Free dedupe test for good home

Are you interested in purchasing a target deduplication system (NAS or VTL)?  Do you want to perform full testing before you buy, but have been unable to do so due to lack of manpower?  Did you get a quote from a consulting company on what it would cost for them to do the testing, and almost die of shock?  What if I and my cohorts could do the test for free?  Would that be interesting to you?  Click Read More for details.

Many months ago I referred in a blog post to a business idea that I’m working on.  Here’s the short version: I am starting a company that will provide completely unbiased real-life product data to those interested in purchasing or upgrading their IT technology.  Think Consumer Reports — but for the IT industry.  We have figured out a business model that allows us to take NO money from vendors, but still give them enough incentive to cooperate with our process.  Once fully-formed, the company will be unlike any company I’ve ever heard of in this industry.

My first step towards that end is to provide the industry with the first fully-independent head-to-head test of target deduplication products.  I plan to test several of them using real data in a real datacenter and then prepare a fully-detailed report on each of them that will be available for purchase.  Pricing details will be available soon, but suffice it to say that purchasing all of the reports will cost a fraction of what it would cost you to perform your own testing of one product — let alone head-to-head testing.

Didn’t I say something about free?

To make this happen, I need to perform the testing in a real datacenter.  Would you like to be that datacenter?  If your datacenter meets the requirements of the test and you’re willing to allow us to perform the tests onsite, we’ll do that testing for free.

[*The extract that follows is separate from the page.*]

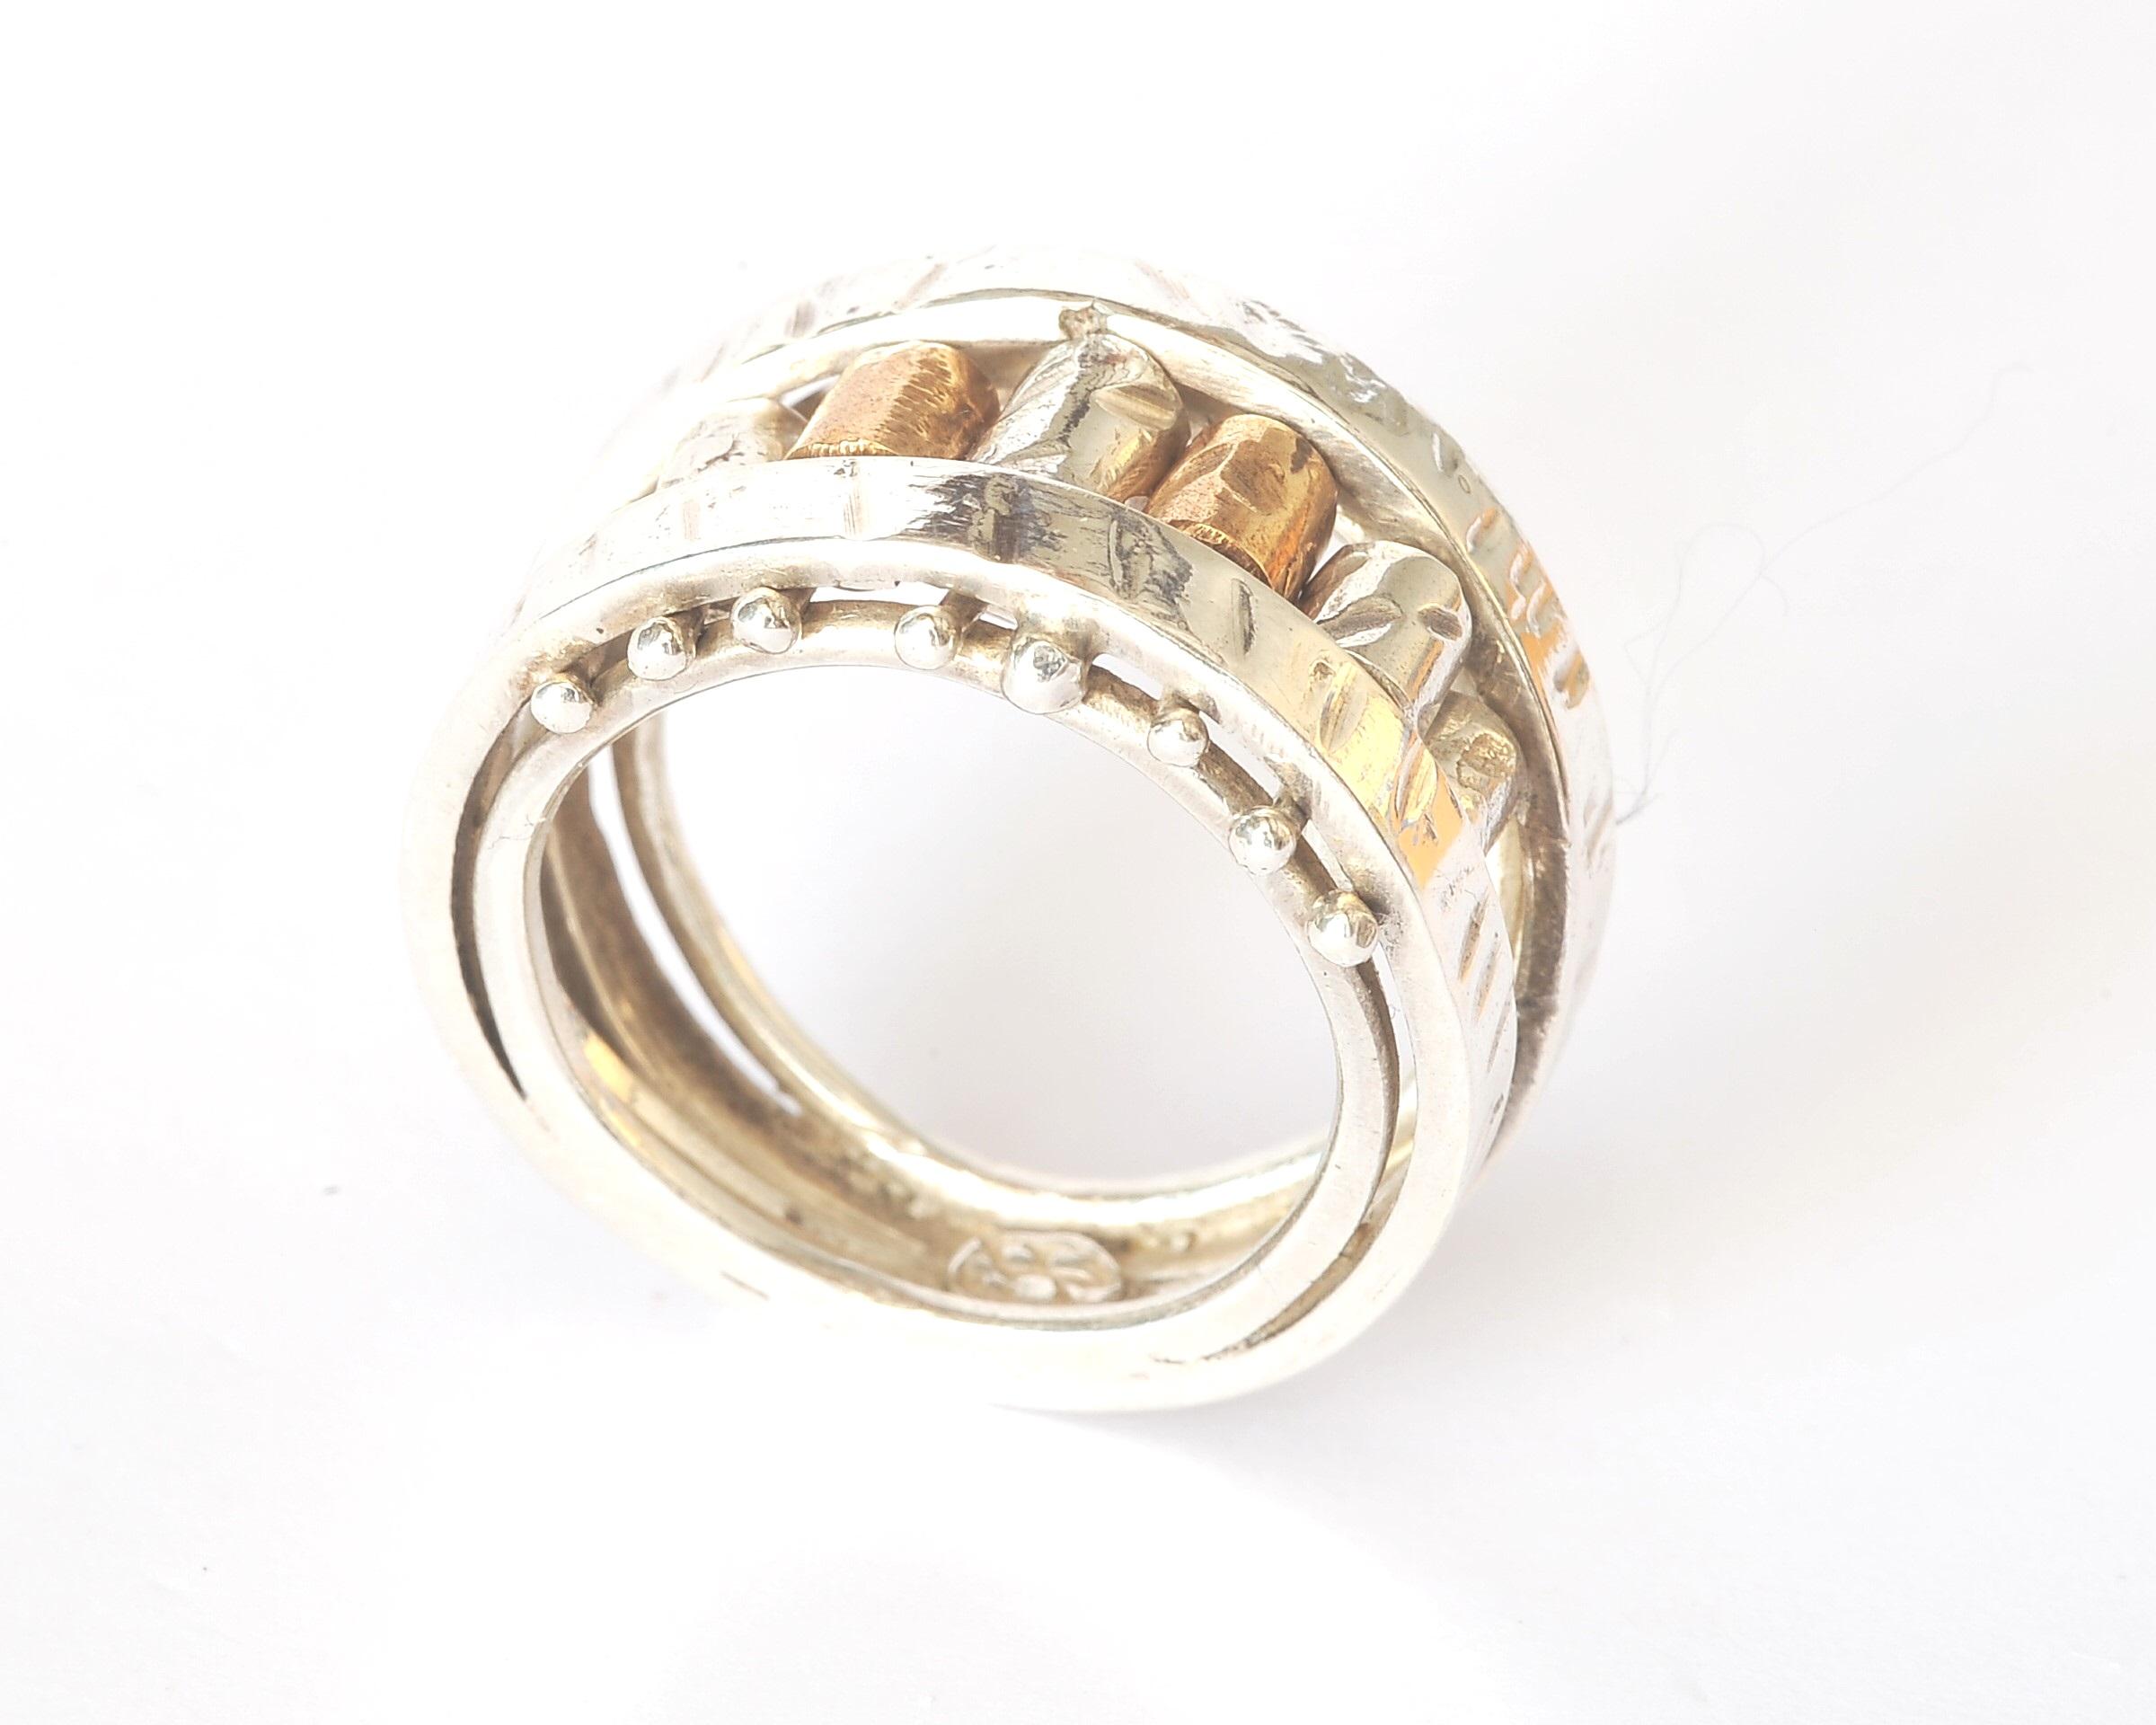 Tubicini Ring

In addition, you’ll get input into the test, including which system(s) we test first.  (You get free testing; we get a report we can sell; everybody’s happy.)

The way I like to test target dedupe systems is to copy production backups into them.  We use a spare server as the backup server, and spare tape drives (or an entire tape library if possible) to copy your actual production backup tapes (or copies of them) into the target dedupe system.  This allows us to use actual backup data without putting your actual backup system at risk.  It also allows us test multiple target dedupe systems with exactly the same data.

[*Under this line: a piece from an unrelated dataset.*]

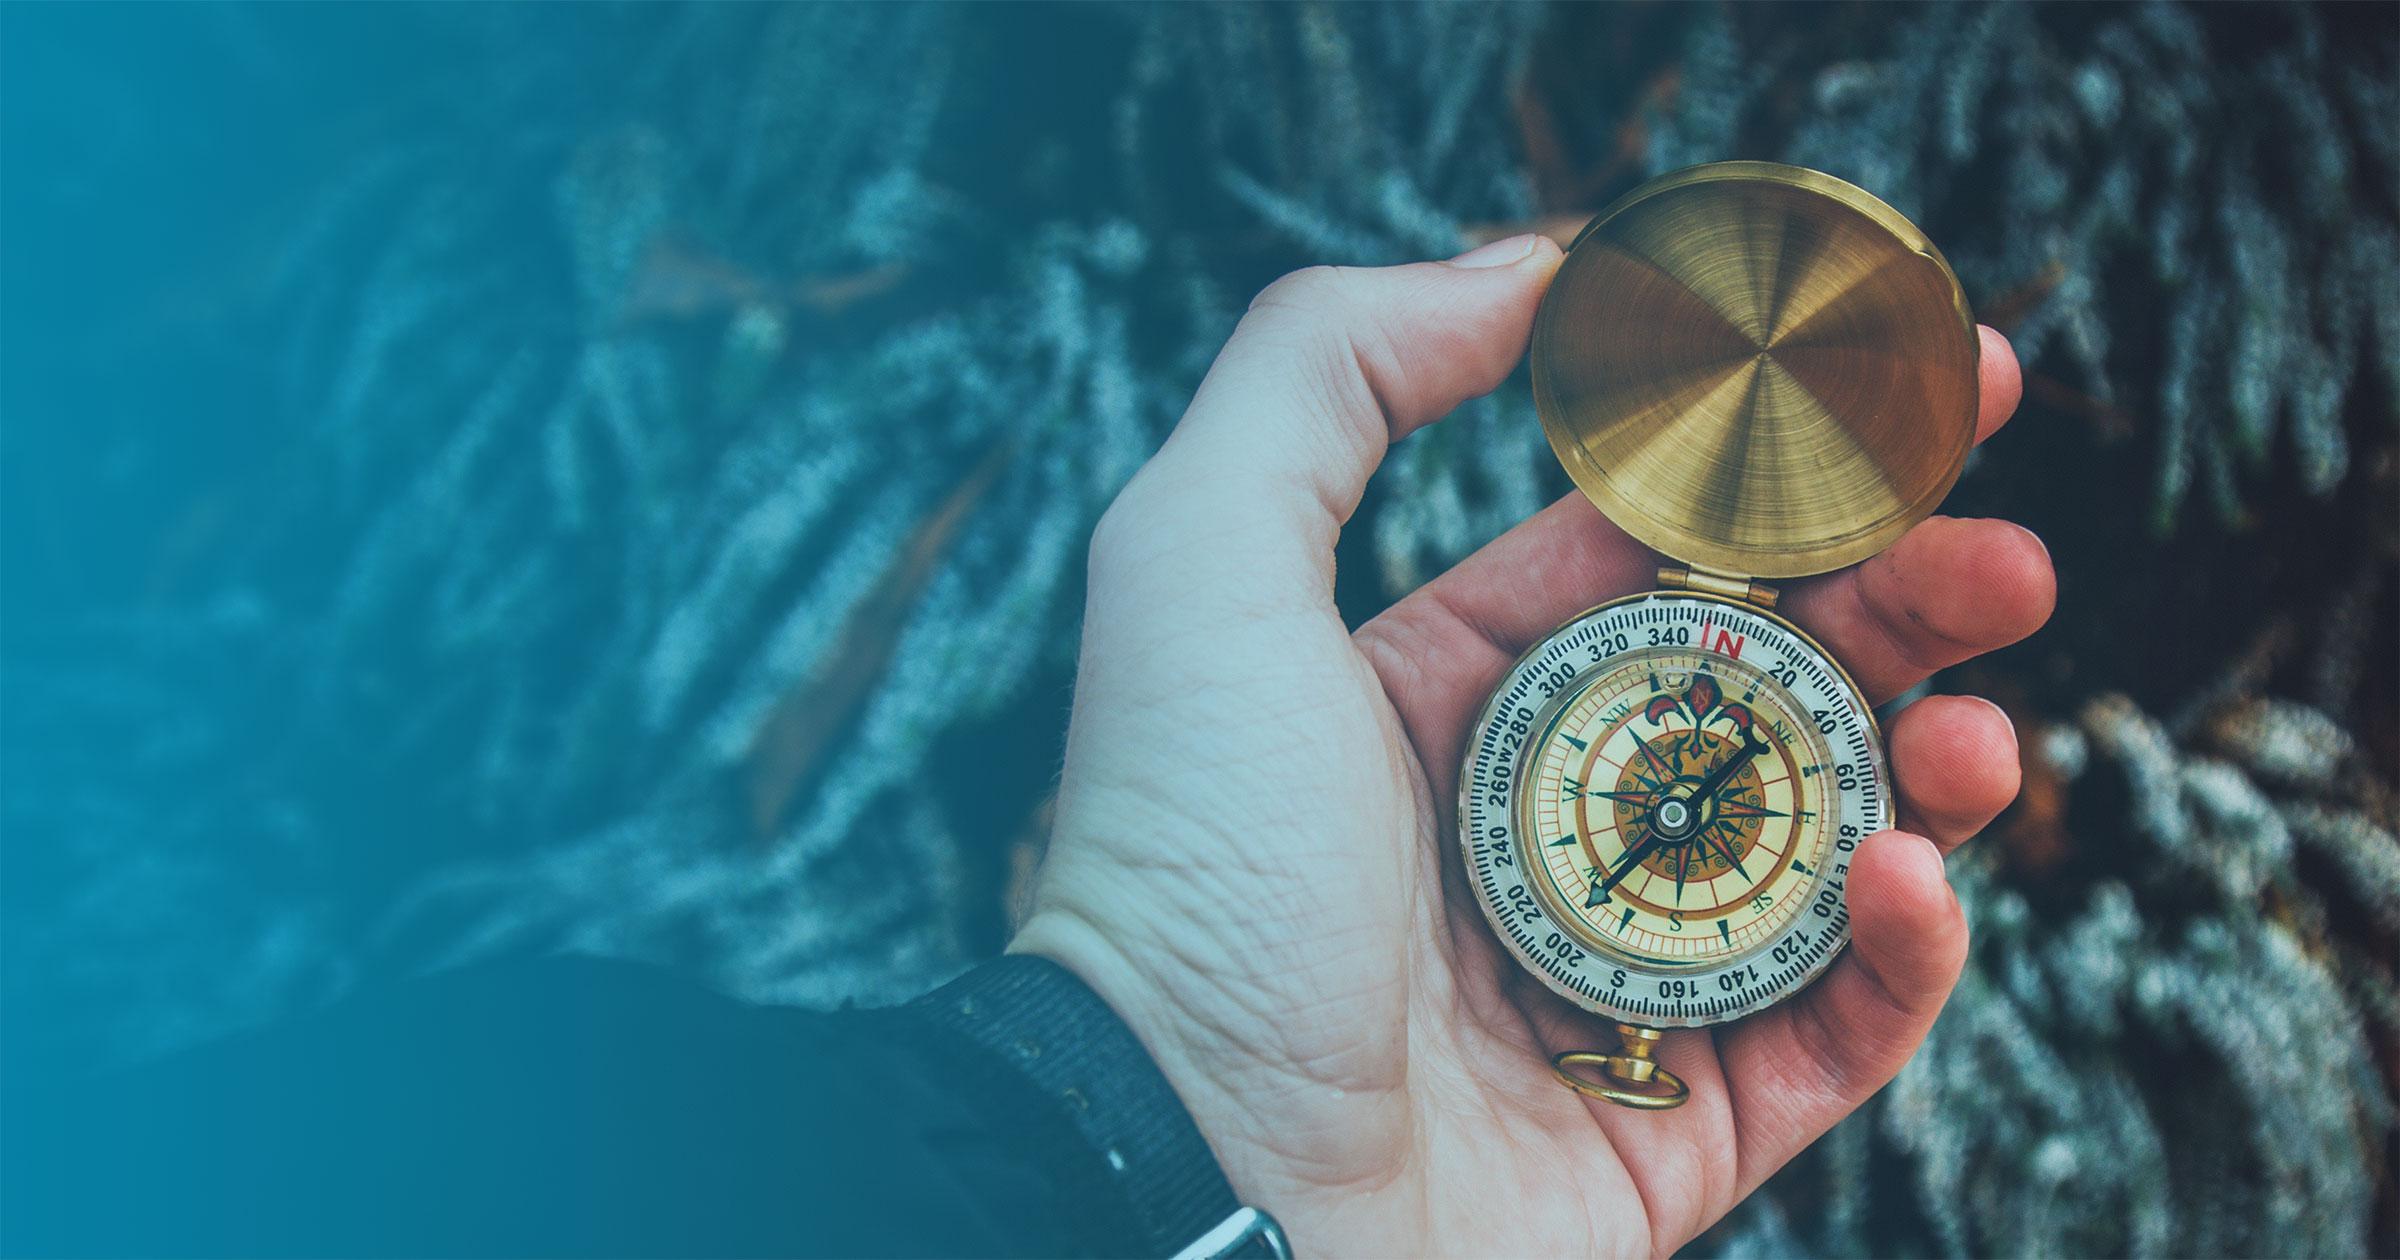 Hand holding brass compass

So here’s the kind of datacenter that would make the ultimate place to do such a test.

  • A full backup of your entire datacenter would be at least 10 TB
  • You perform both full and incremental backups on all your data (Yes, I realize this excludes TSM shops.  Sorry about that.  I want to get you on the next test.)
  • You are backing up both Windows and Unix servers, as well as Exchange and Oracle databases
  • Other databases and applications would be a plus (SQL Server, SharePoint, VMWare ESX)
  • You’ve considered buying a target dedupe system (NAS/VTL) but you haven’t pulled the trigger
  • You have the physical resources to do the testing
    • Spare server to act as backup server/data mover
    • Spare tape drives, tape library, VTL, etc.
  • You don’t have the manpower to do the testing  (That’s kind of the whole point, right?)
  • You will allow us access to your datacenter and data, and allow us to share the results of the test (Your company’s name will in no way be connected with the report.  Only we will know where the test was performed.)

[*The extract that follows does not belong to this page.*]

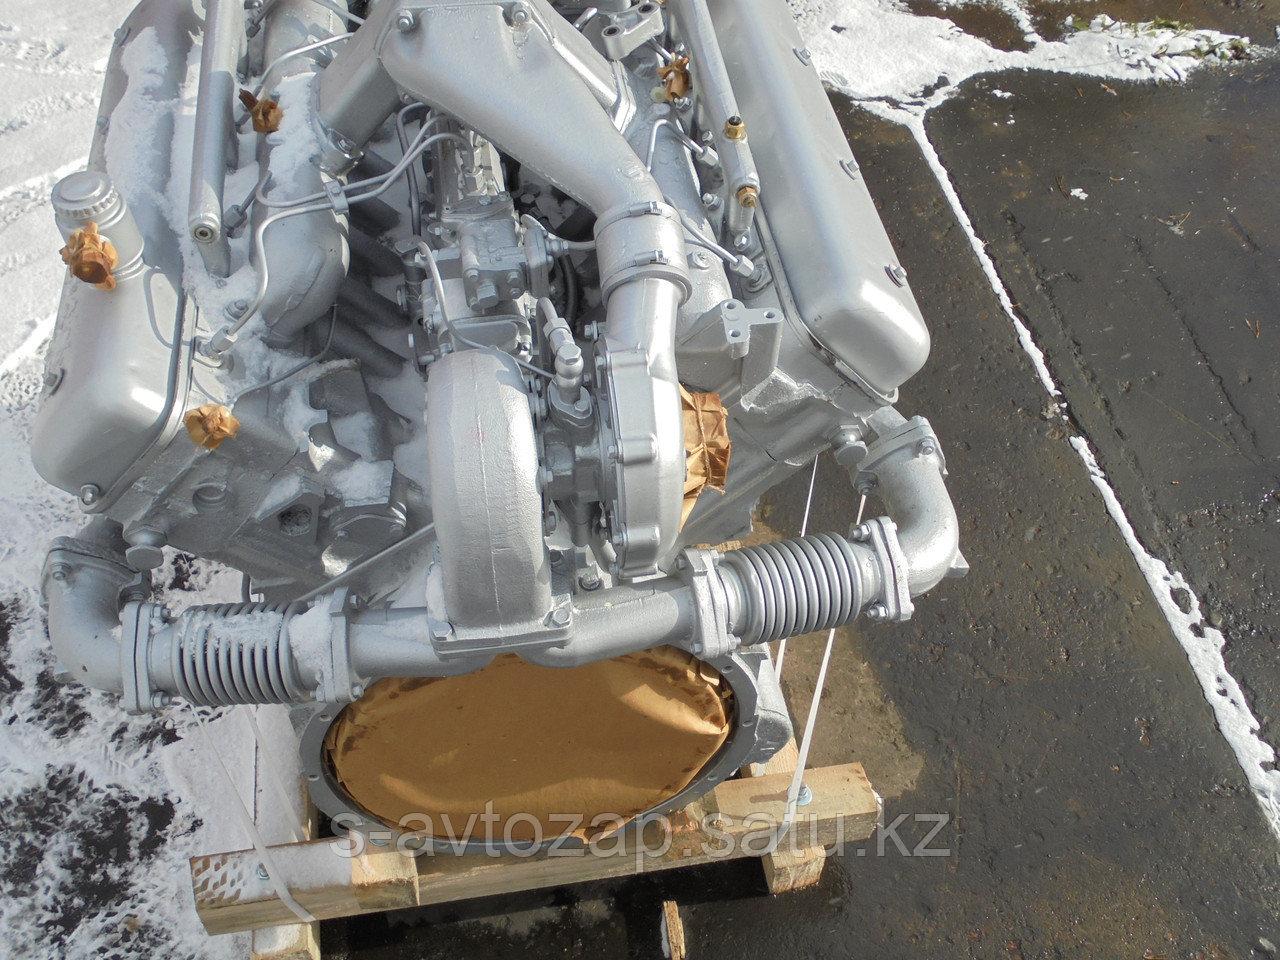 Двигатель без коробки передач со сцеплением 4 компл. (ПАО Автодизель) для двигателя ЯМЗ  238НД4-1000150

If you’re interested, please send me a private email.

Written by W. Curtis Preston (@wcpreston), four-time O'Reilly author, and host of The Backup Wrap-up podcast. I am now the Technology Evangelist at Sullivan Strickler, which helps companies manage their legacy data

2 comments
  • You’ve mentioned that TSM isn’t an option this first round. To keep people with Amanda, Bacula, tar, and the like from coming forward, what products do you want to work with?

  • The only reason TSM is out is that they don’t do full/incremental backups, and that will skew the dedupe numbers and performance. Since the bulk of the market still does full/incremental backups, I’d want the test to reflect that to give it the most value to the most people.

    I doubt that Amanda/Bacula/tar users are going to have 10+ TB of data, but I could be wrong. I’ll cross that bridge if I come to it.

    If I had my druthers, the prospective shop would be running NetBackup. Going with “most value to the most people,” it’s certainly the product with the most market share, even if it is shrinking these days. But that’s not to say that I won’t do this with a NetWorker, Data Protector, or CommVault shop if that’s who volunteers.